0

How to match the inside (or outside if it's easier) span tag only?

<br><br><span class="header3">Statistical Analysis 1 for Percent Change From Baseline in the <span class="hit_inf">Psoriasis</span> Area Severity Index (PASI) Score at Week 16</span>

I'm trying: (?:<span).*?(<span).*?(?:</span>).*</span> but only second <span is matched in separate group. I need to use only span keyword. Any suggestions?

Peter.k
  • 1,475
  • 23
  • 40

1 Answers1

0

You should never use regular expressions to match nested patterns like brackets or in your example XML tags.
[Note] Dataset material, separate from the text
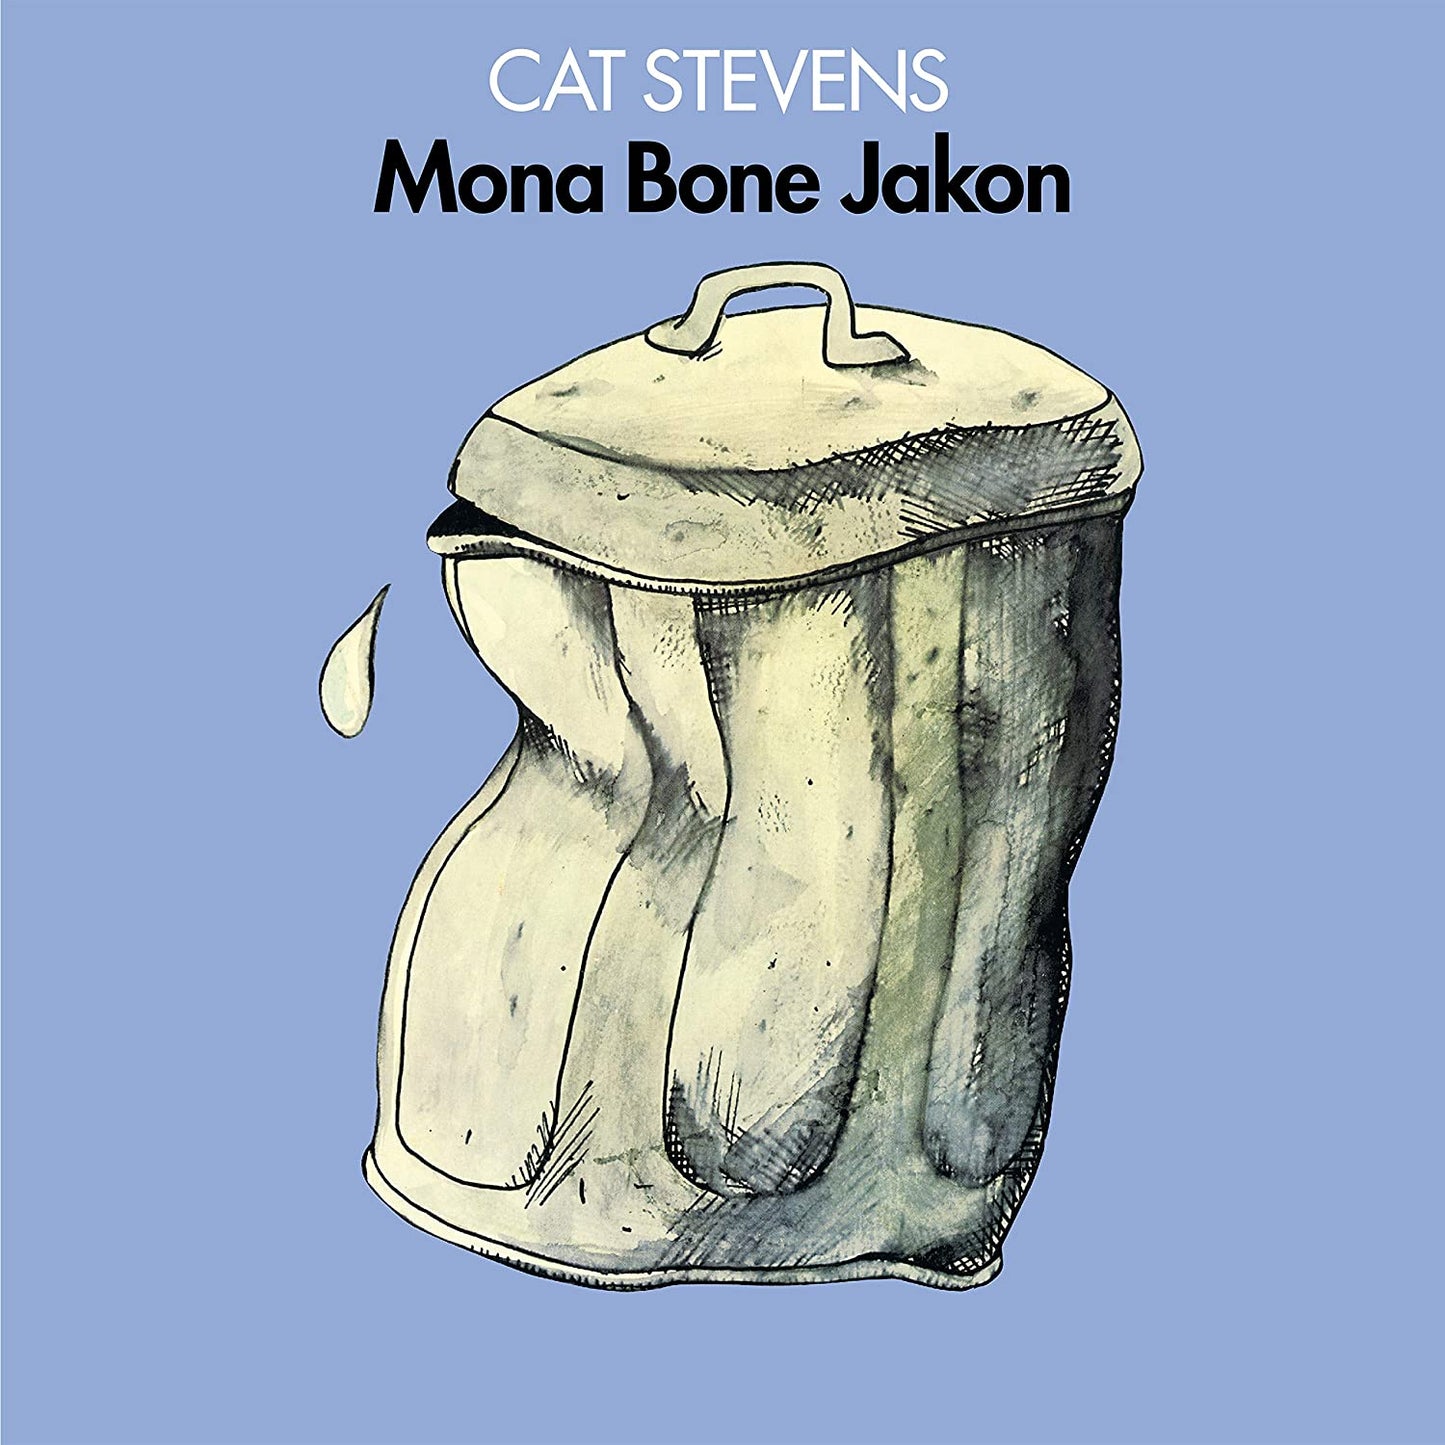 Yusuf / Cat Stevens - Mona Bone Jakon - LP

The problem is that in quite all languages regular expressions (Except two or three) can not match nested things.

Examples:

Regex: /<span class="awesome">.*<\/span>/

Matches: <span><span class="awesome">text</span></span>


Regex: /<span class="awesome">.*?<\/span>/

Matches: <span class="awesome"><span>text</span></span>

Solutions:

There are some solutions to handle xml/html data correctly. The first one would be to use a xml library. Quite all high level langues have pretty good xml libraries - Just use one. For debugging and quick and dirty solutions you can split your content also and analyze it by your self.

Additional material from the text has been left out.